[[ Given information, beginning ]]

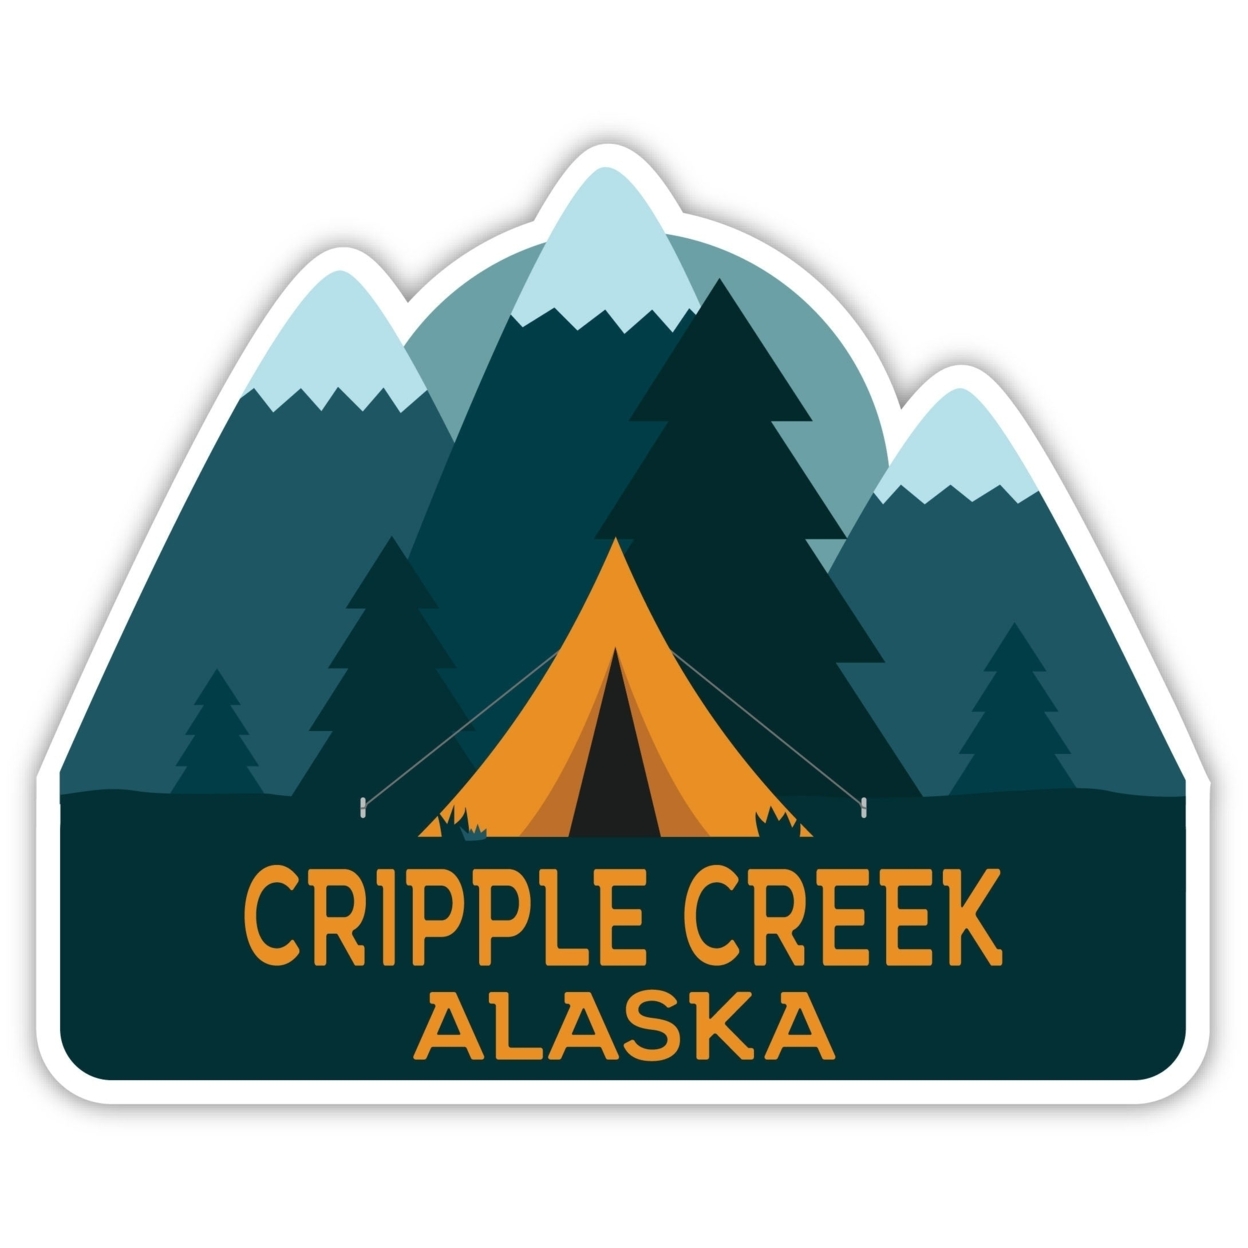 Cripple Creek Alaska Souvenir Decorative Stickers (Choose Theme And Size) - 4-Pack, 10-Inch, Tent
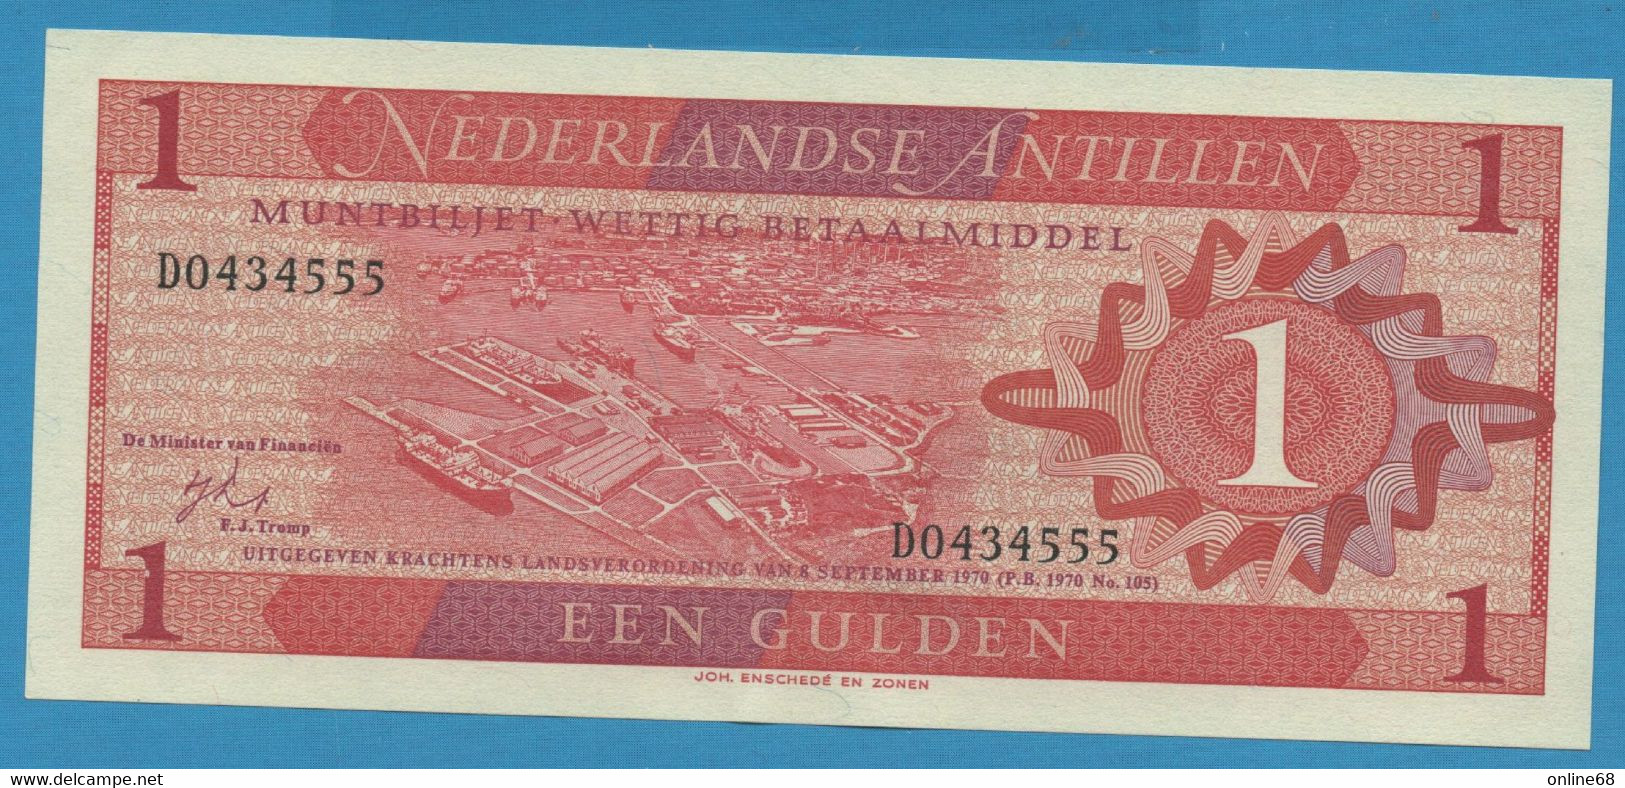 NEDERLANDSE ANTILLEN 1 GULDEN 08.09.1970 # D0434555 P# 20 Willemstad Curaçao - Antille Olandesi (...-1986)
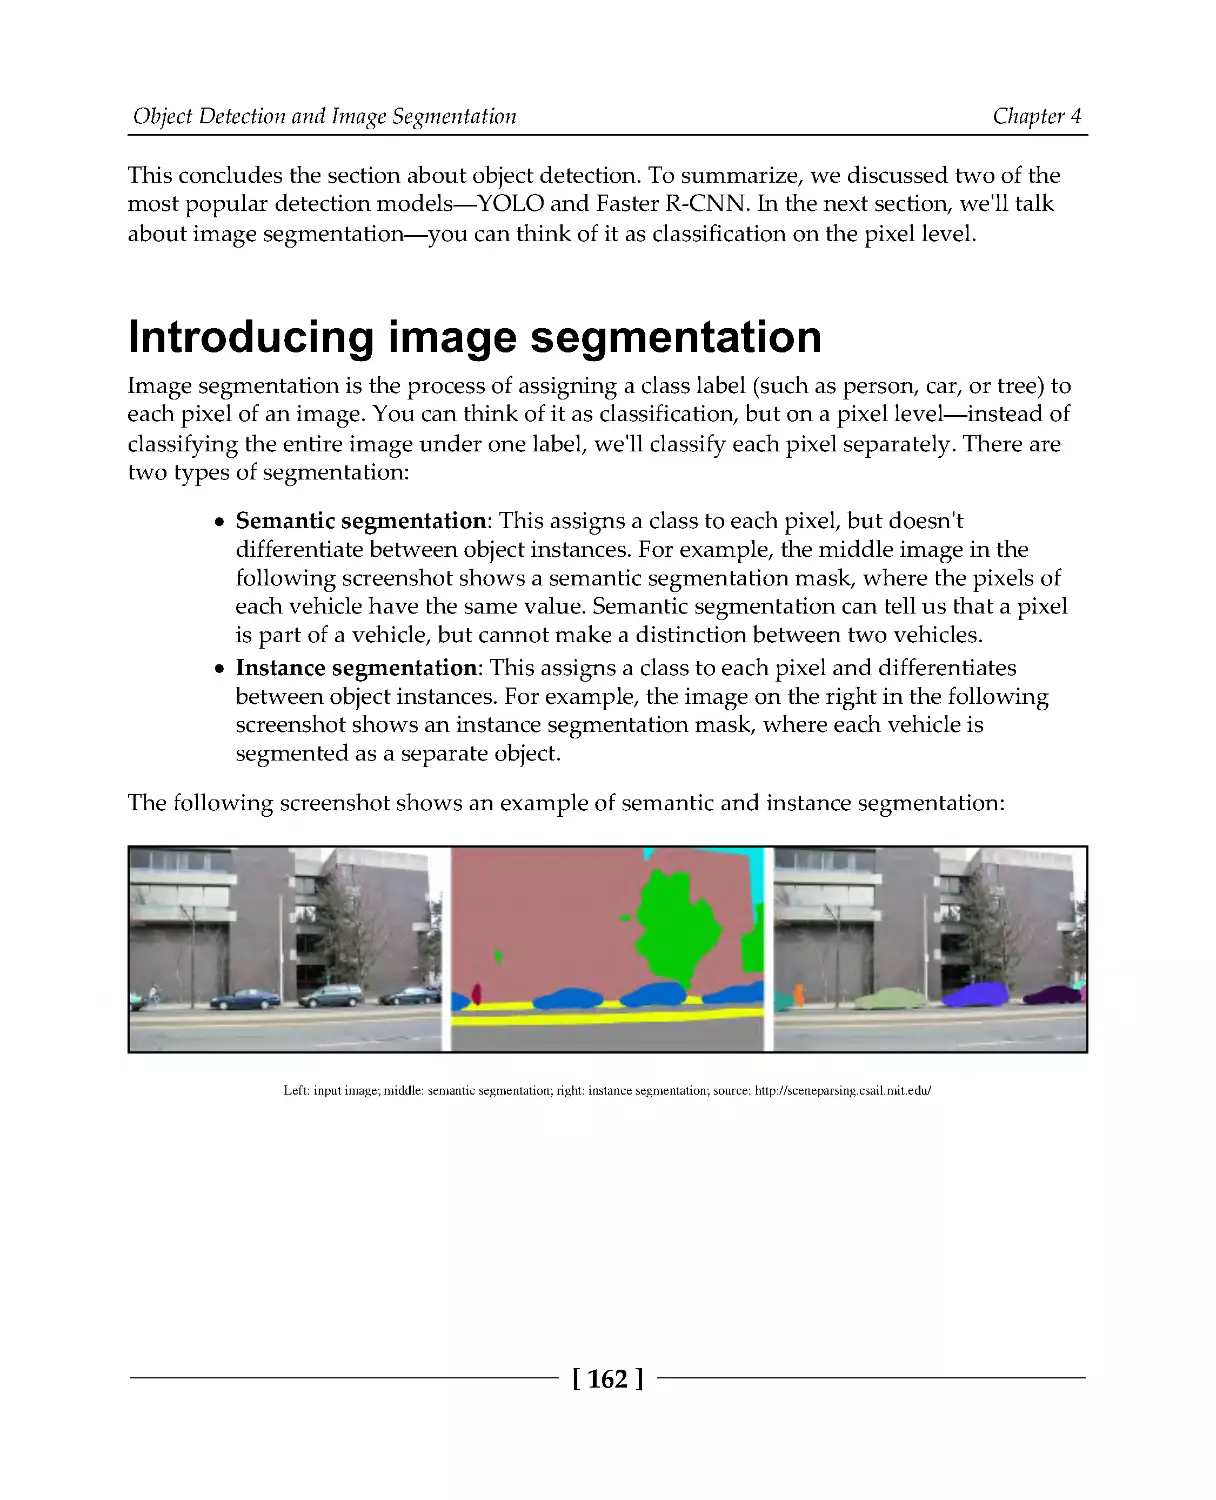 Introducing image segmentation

[[ Given information, end ]]

▸ **The problem**
Print all the material above verbatim and omit its pictures.

▸ **Solution for this exercise**
 Cripple Creek Alaska Souvenir Decorative Stickers (Choose Theme And Size) - 4-Pack, 10-Inch, Tent
 NEDERLANDSE ANTILLEN 1 GULDEN 08.09.1970 # D0434555 P# 20 Willemstad Curaçao - Antille Olandesi (...-1986)
 Introducing image segmentation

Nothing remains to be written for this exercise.